According to a report from Mike Florio of ProFootballTalk, Colin Kaepernick will arrange for his own receivers to attend his workout today in Atlanta, after the league wouldn’t reveal to him which receivers they would have attend the event.

It’s unclear if Kaepernick found adequate receivers locally, or if he will pay to fly in people to catch passes from him. Florio just wrote that Kaepernick had made “arrangements” for receivers to attend.

This is just a bit more evidence that this entire thing is, sadly, a sham. The league scheduled this for a Saturday, when most pro scouts are watching college games, and actual coaching staffs will be prepping for their games on Sunday.

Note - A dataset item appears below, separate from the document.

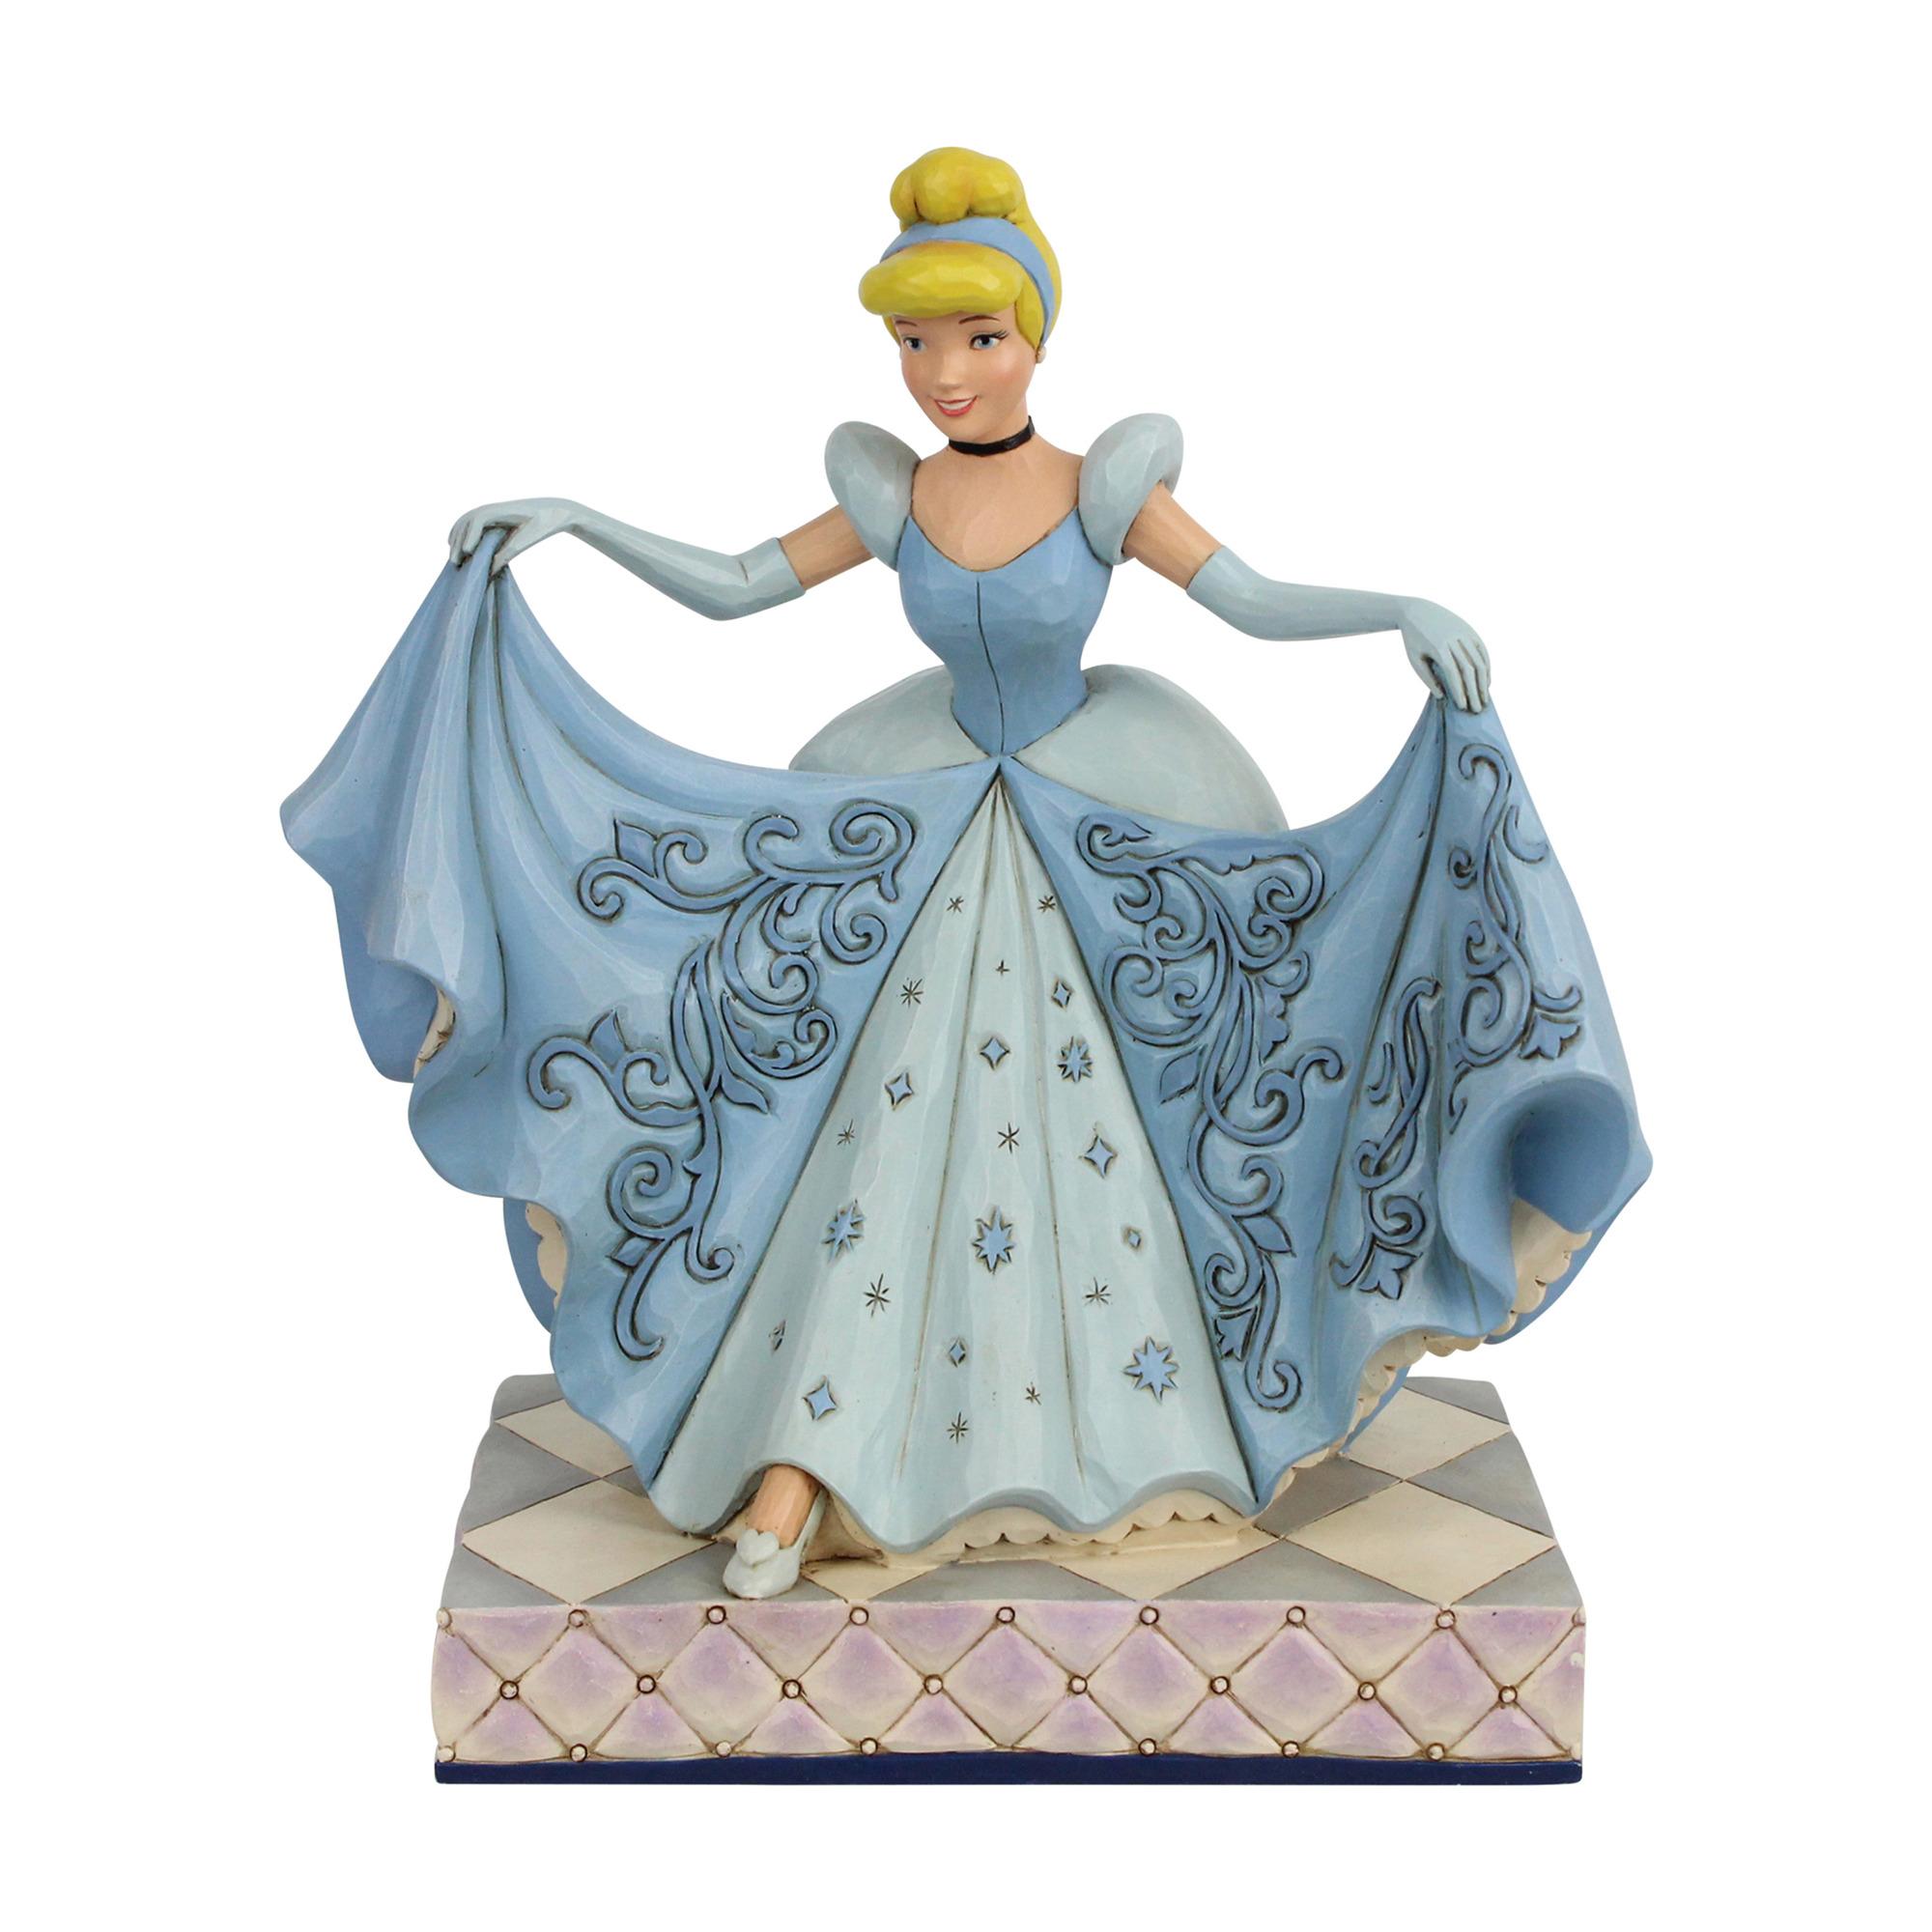 6007054 Cinderella Transformation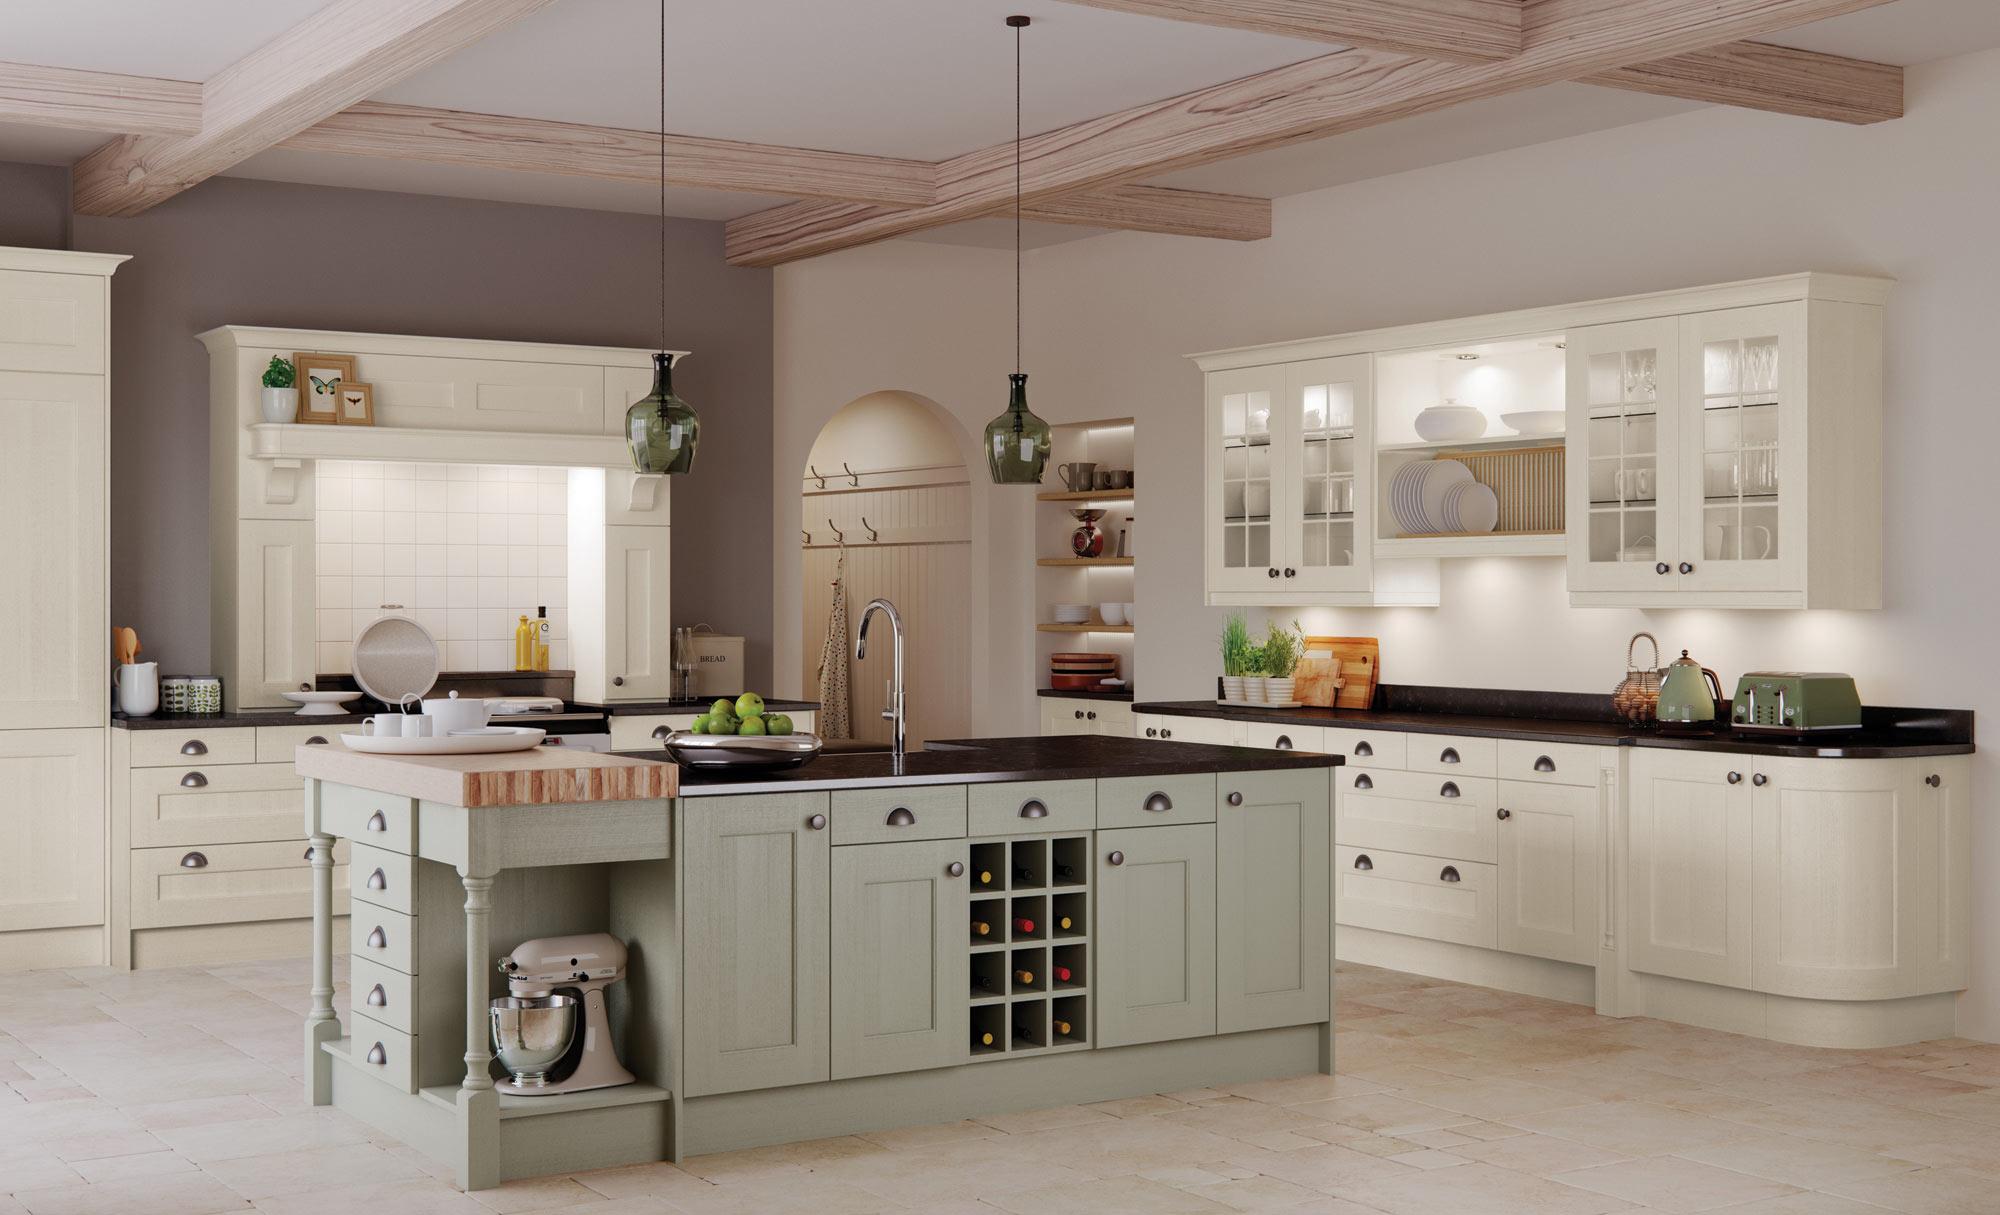 Uform Wakefield Ivory & Sage Green Kitchen

UPDATE: The workout has now been moved. Get latest updates here.

The league won’t reveal what teams are in attendance. They won’t reveal who from the teams will be there.

The New York Times reported on Saturday that the workout was organized entirely by NFL Commissioner Roger Goodell and Jay-Z, who has a business partnership with the league. Both Goodell and Jay-Z felt that they suffered personally from the way Kaepernick had been locked out of the league, and wanted to remedy that with a public tryout.

So they organized … this. Whatever this is. It sure doesn’t feel like an earnest attempt to let Kaepernick show off what he’s capable of. It feels a lot more like, as Florio called it, a dog-and-pony show.